During the 6th Century, St. Cenydd established a Monastery in Caerphilly, and possibly an ancient church at Senghenydd 'Capel Y Cenydd'. In their choices of routes and sites for outlying churches, St. Catwg (St. Cadog) and his disciples from Llancarfan made use of Roman roads. One of these monks, following the route to Gelligaer, possibly set up a cell at Eglwysilan.
The Parish reduced in geographical size over the centuries with the development of industry in the Taff and Rhymney Valleys and is now a Parish of some 8,000 people serving all of the Aber Valley and including the villages of Abertridwr and Senghenydd together with the hamlets of Eglwysilan and Goeswen.
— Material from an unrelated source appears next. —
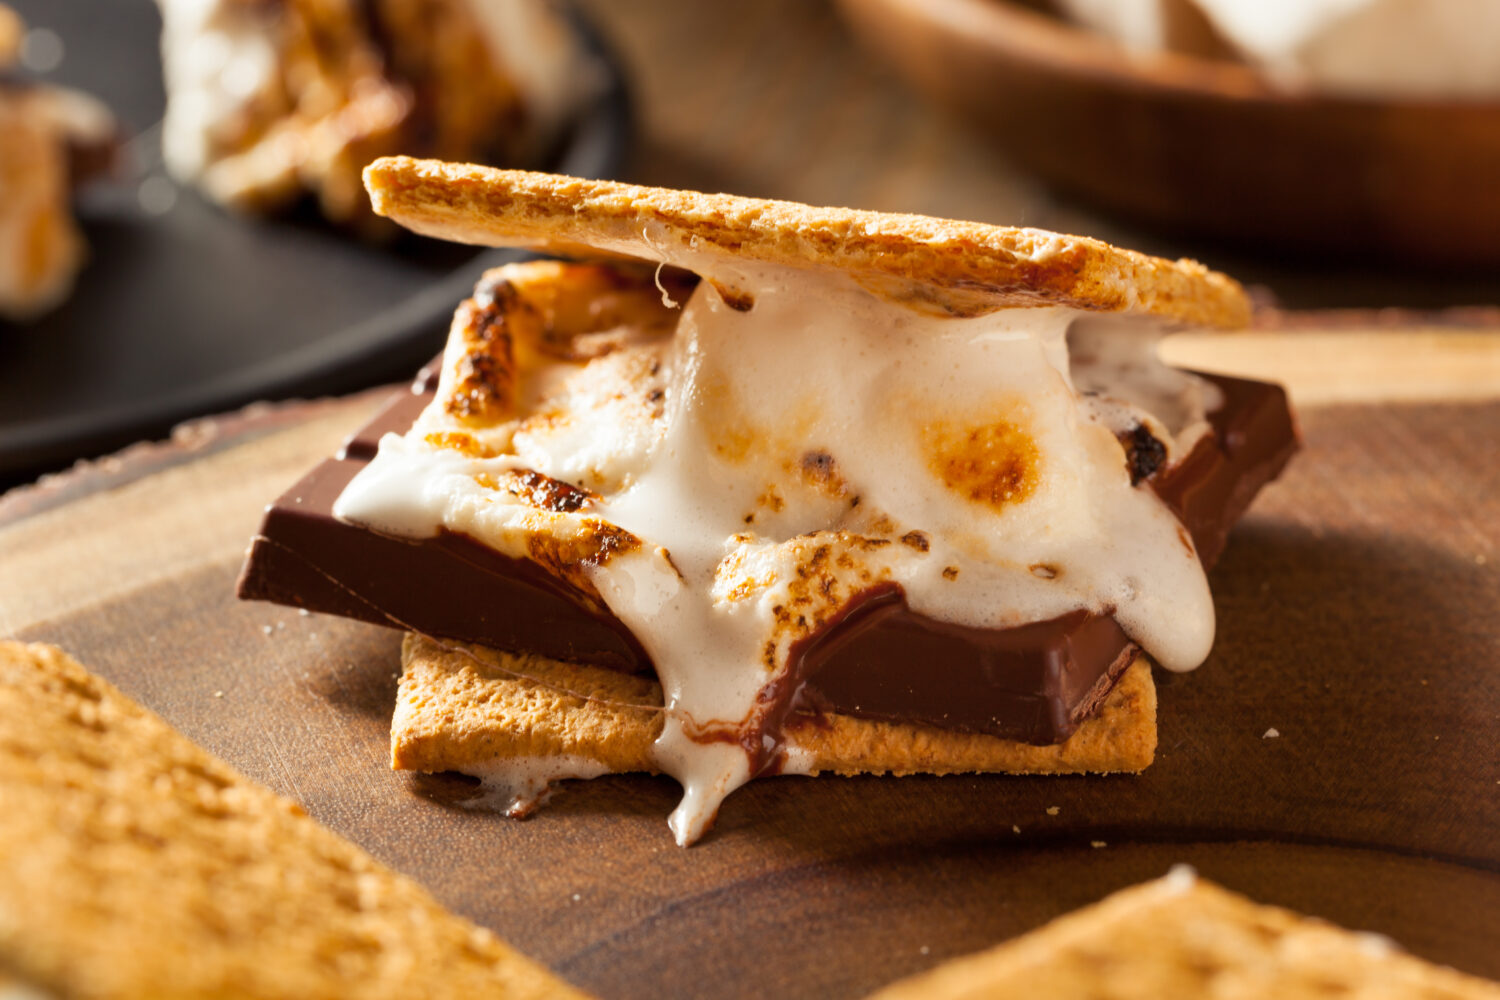 Homemade Gooey Marshmallow S'mores with Chocolate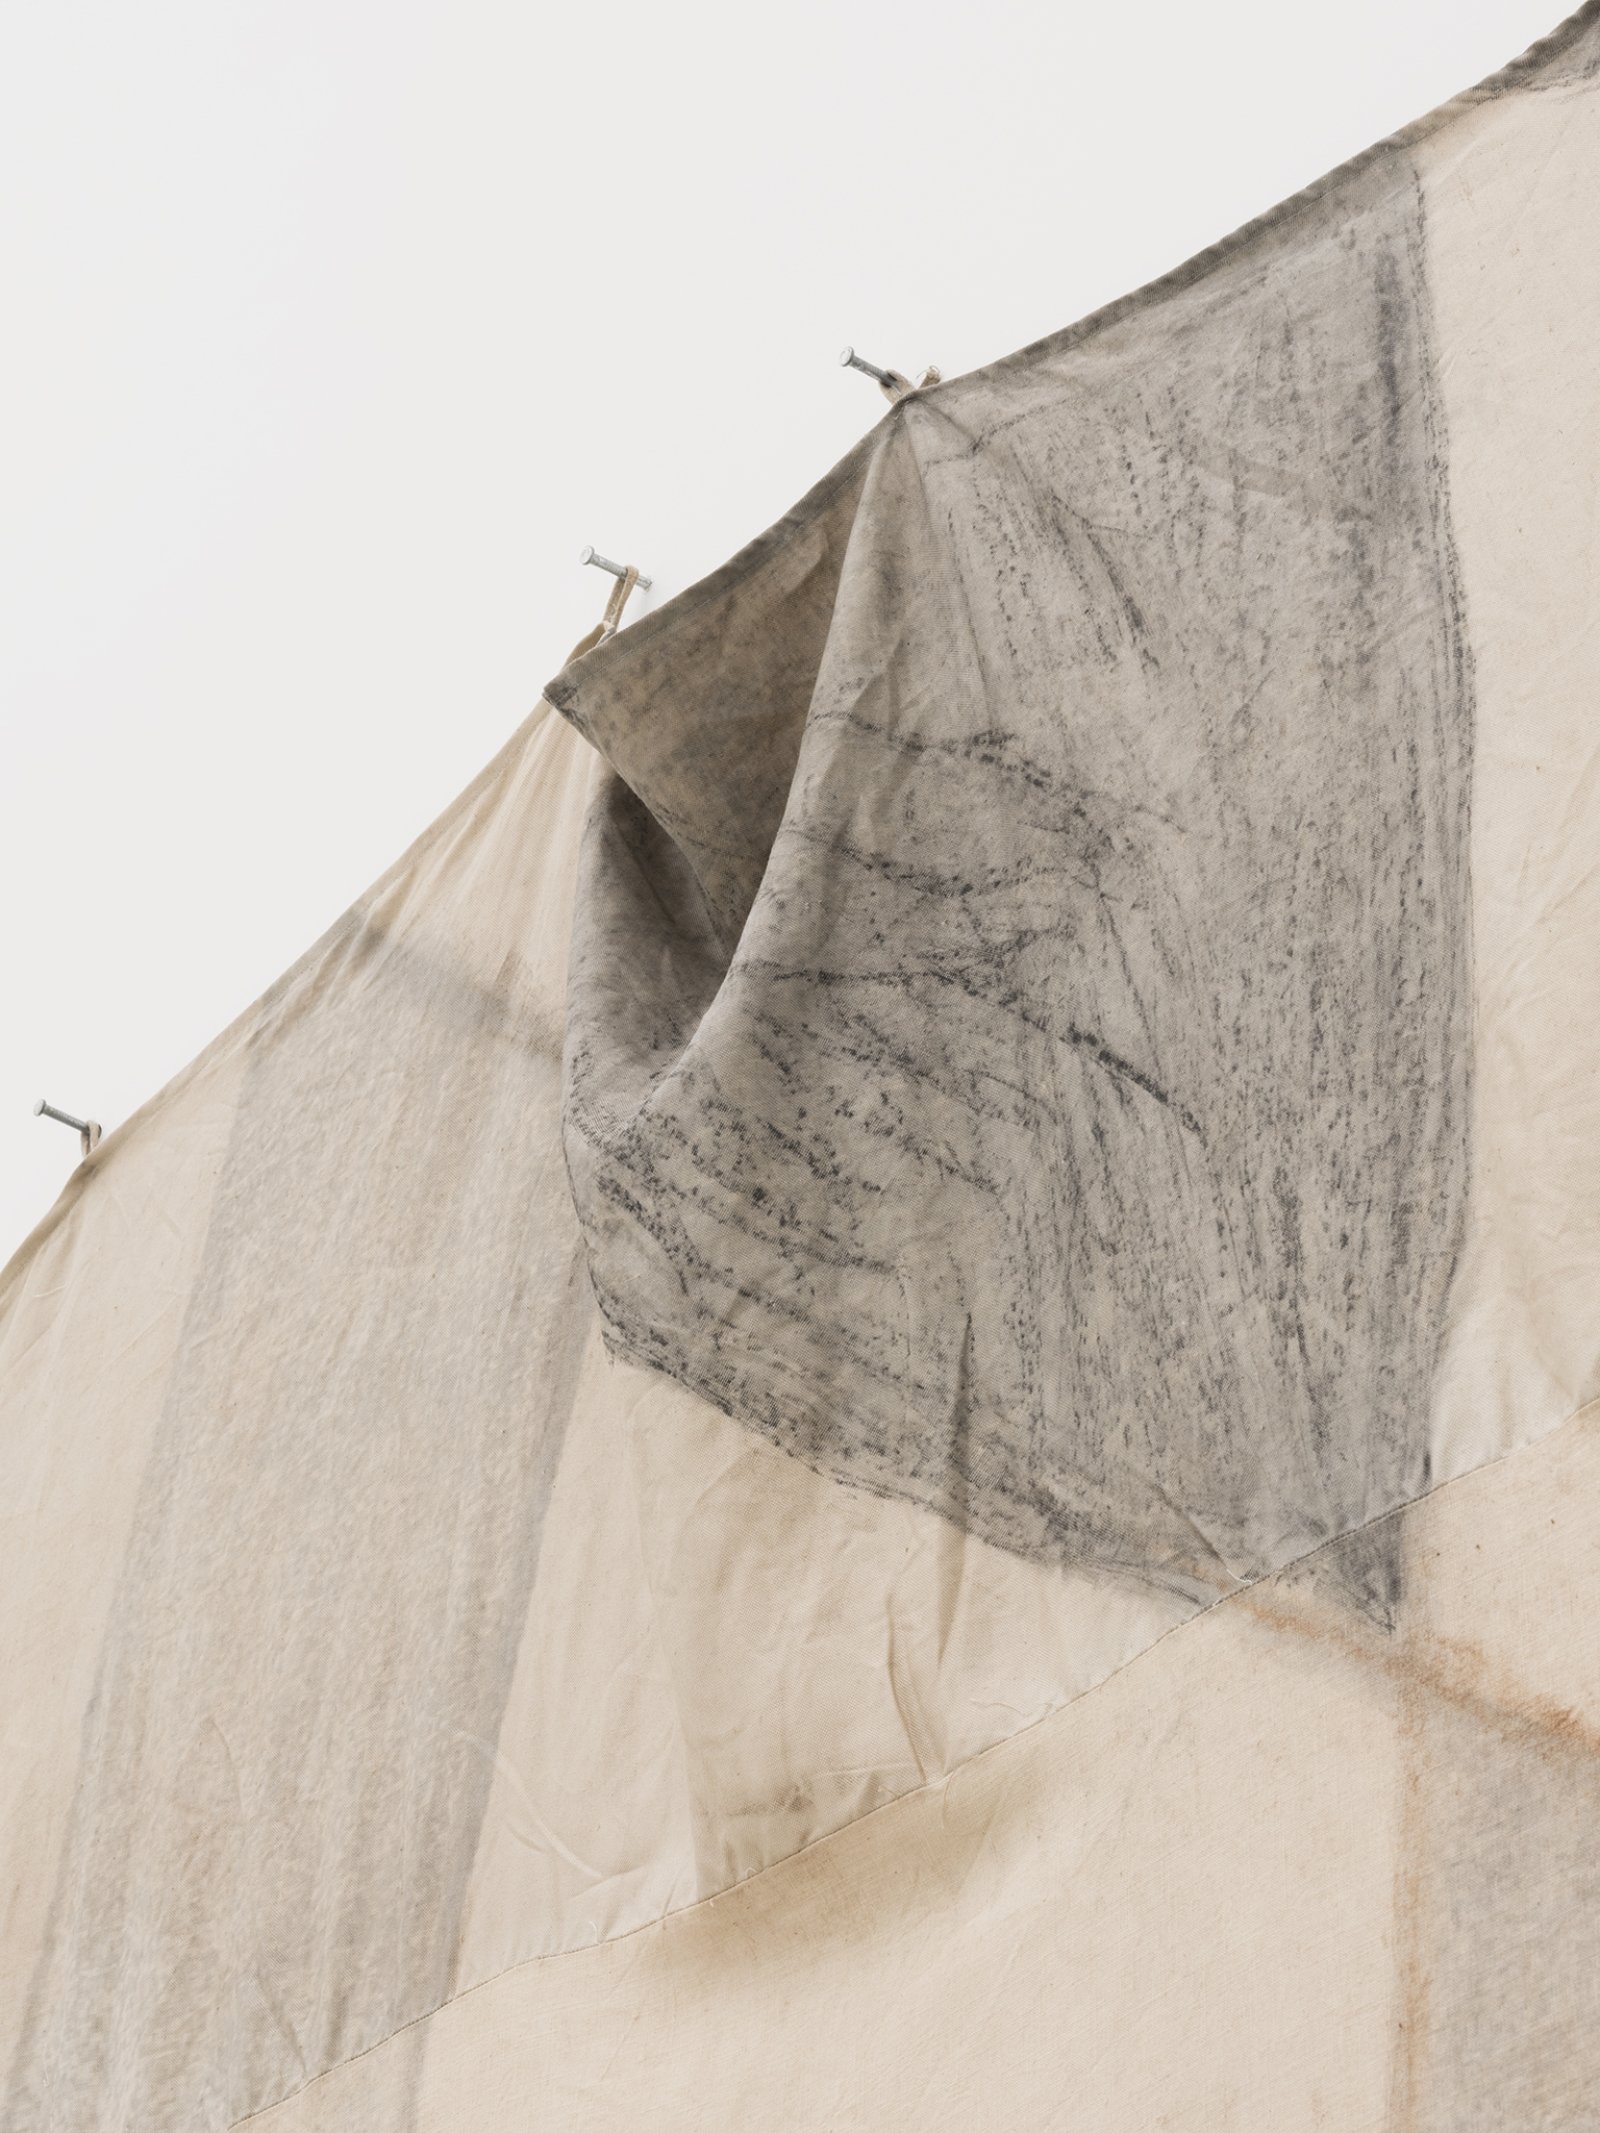 Duane Linklater, Tipi cover for unknown future horizon / Indian lemonade diamond for Mina (detail), 2018, digital print on hand-dyed linen, cedar, sumac, charcoal, nails, 113 x 213 in. (287 x 541 cm)

This is a diverse Parish made up of a post mining valley and hill farming communities and residential areas (less than 10miles from the centre of Cardiff ). New housing is being constructed on the Windsor Colliery Site in Abertridwr. Senghenydd is the site of the Universal Colliery where the biggest mining disaster in History took place in 1913 claiming the lives of 440 in the 'Senghenydd Explosion'. This in turn had followed another terrible explosion in 1901 claiming the lives of 78. The disasters are remembered in the Valley with the Mining Museum and the memorial at the entrance to Nant y Parc primary School.